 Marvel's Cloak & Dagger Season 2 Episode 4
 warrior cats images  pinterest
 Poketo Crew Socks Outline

* * *

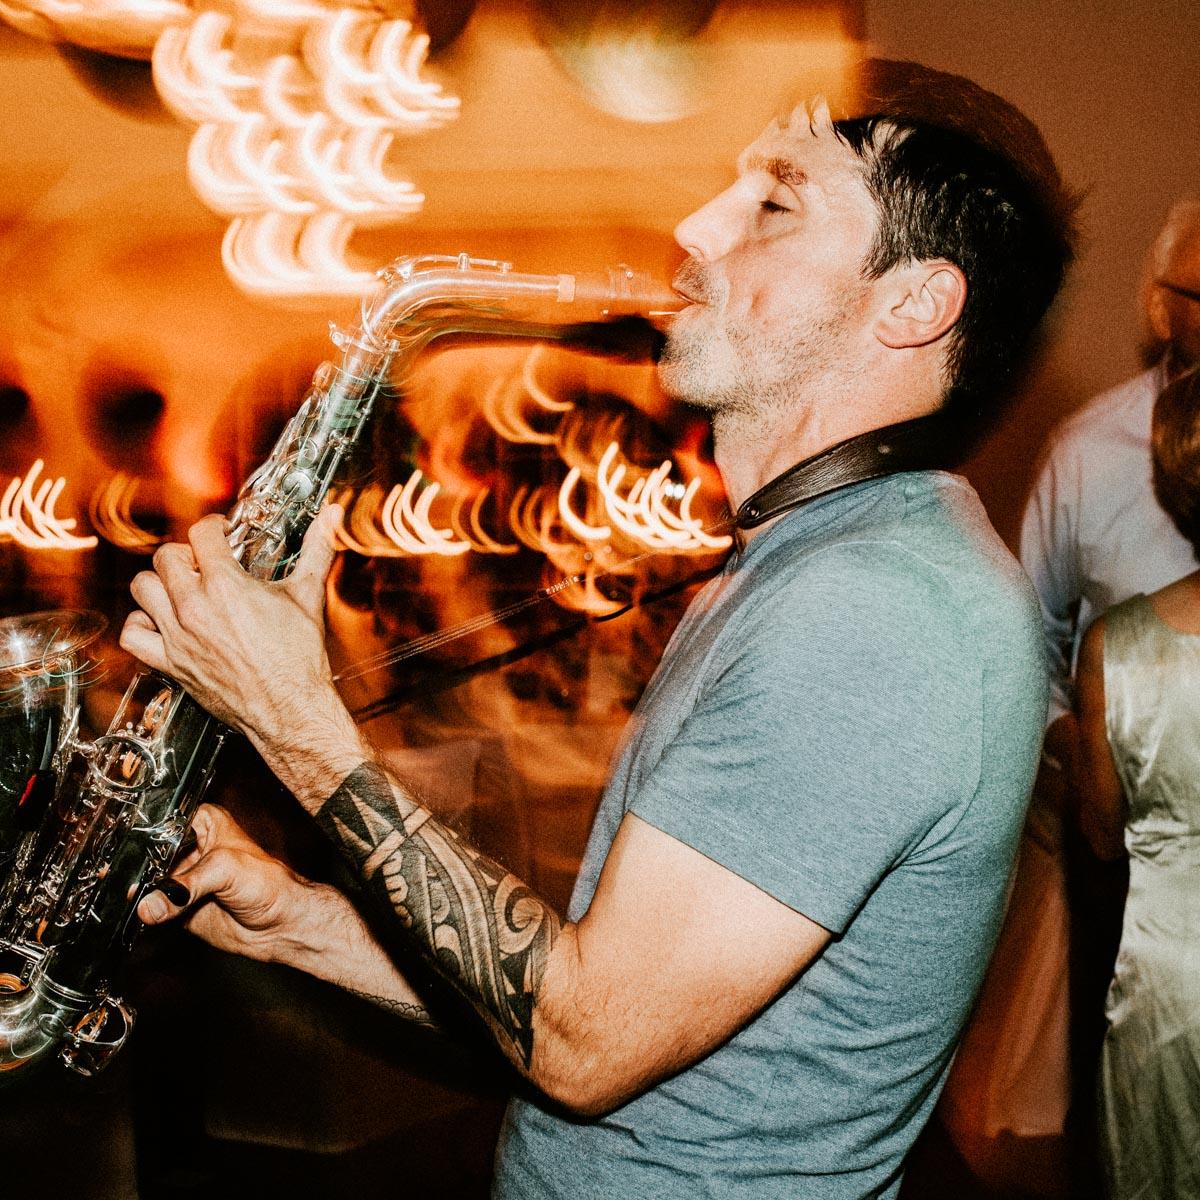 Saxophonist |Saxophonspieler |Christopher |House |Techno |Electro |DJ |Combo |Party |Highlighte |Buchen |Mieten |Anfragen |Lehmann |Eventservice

§ Assignment:
From the line holding "Marvel's Cloak & Dagger Season 2 Episode 4" to the line holding "Poketo Crew Socks Outline", inclusive, restate each line above exactly as written.

§ Your solution:
 Marvel's Cloak & Dagger Season 2 Episode 4
 warrior cats images  pinterest
 Poketo Crew Socks Outline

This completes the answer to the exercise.